Very interesting and informative discussion and information shared back and forth here. My thanks to everyone on this thread.
My Latest Update:
First of all, it is now May 9th. My original (which was the initial autopay upon opening the account) auto payment agreement seems to have cancelled and not go through for sure once I have deleted off the schedule. As I have explained in my previous post, I have elected to make a small $0.25 payment every month for the next 2 years, and the first of such autopayment went through on May 2nd. No problem at all with that.
The bureaus reported the change to my SSL account on May 6, according to CreditCheckTotal. Since the 7th of each month, which was the original auto payment schedule date, happened to fall on a Saturday, I am not sure if the report date got pulled one day earlier. My hunch is that, as most everyone have suspected, Alliant reports account data at the end of the month, and that the update on the credit reports take a few days to show up in our reports.
Account opening date on my SSL seems to vary. I opened this account on March 30.
Experian: March 1st
Equifax: March 30th
TransUnion: March 30th
Date of "Status Updated" also seem to vary among the bureaus.
Experian: April 1st
Equifax: April 30th
TransUnion: April 30th
Mind you though, that Experian's latest data got updated on May 6th for me. So I think, on Experian's end, the date showing on the report is a bit odd.
And to reiterate, my original autopay upon opening up this account was set up for every 7th of the month. My first autopay went through on April 7th, exactly as it was scheduled. That took place AFTER I paid down the loan to $80 balance. After that, I DELETED the autopay, and now that original autopay amount doesn't seem to reoccur again.
I am in a NEW autopay, which I have set up to be $0.25 monthly payment on the first week of every month. The first of such autopay went through, just as it was scheduled on the exact date that I specified.
Credit Score Impact:
Mine jumped whopping 50 points, which bumped me back up into the 700s, at least with Experian.
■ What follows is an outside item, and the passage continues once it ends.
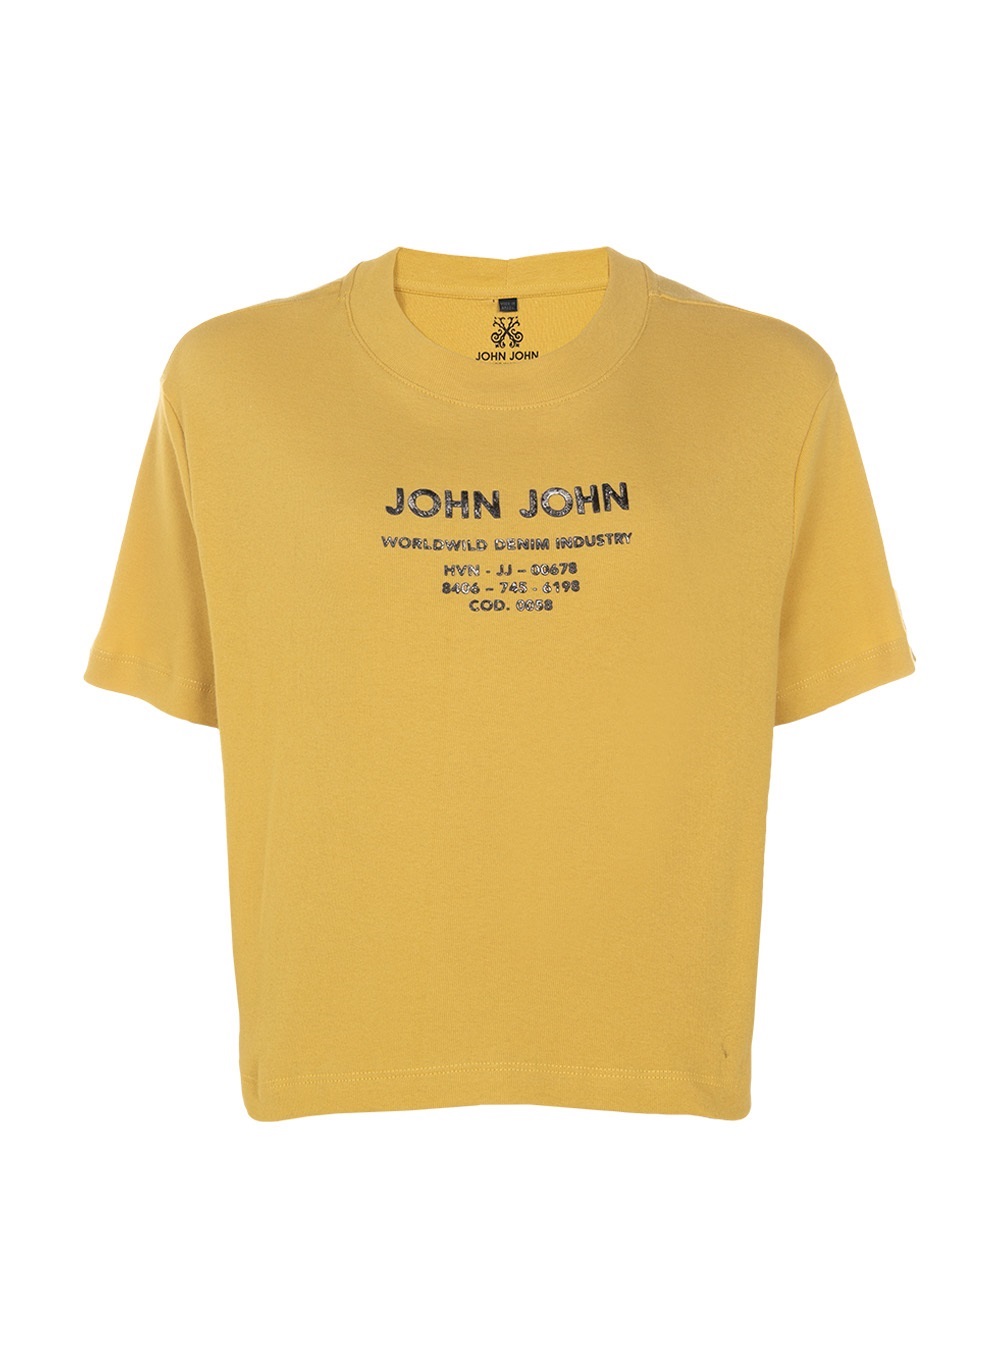 Camiseta Eagle John John Feminina 03.62.0288 - Estoque

I am not sure what the data is like on the other bureaus, since I wasn't monitoring their FICO scores. (I have dropped MyFICO's slow and inconsistent update service back in March, before I opened this SSL). My scores dropped about 100 points after I closed my only active credit card in secured Capital One card, and opened 5 new unsecured credit cards since Jan 31st. So the score increase was from the high 670s back into the 720s. (Experian). My Equifax currently is the in the 750s and my TransUnion in the 790s, so I am not sure how much the impact is.
Bottom Line:
All of the burueus are showing a positive factor of "having significantly paid down the installment balance." I no longer see negative factor of "not having any active installment loans" on the reports. So even with the miniscule amount of $500 which I basically got back most of it with laughably minimal interest for the next 5 years, this technique has helped tremendously. If I haven't done this, at least with Experian, my score would still be swimming in the high 600s.
Again, I'd like to thank Dixie and ALL the contributors for this, and I will continue to monitor my account and provide update as necessary to serve as data point.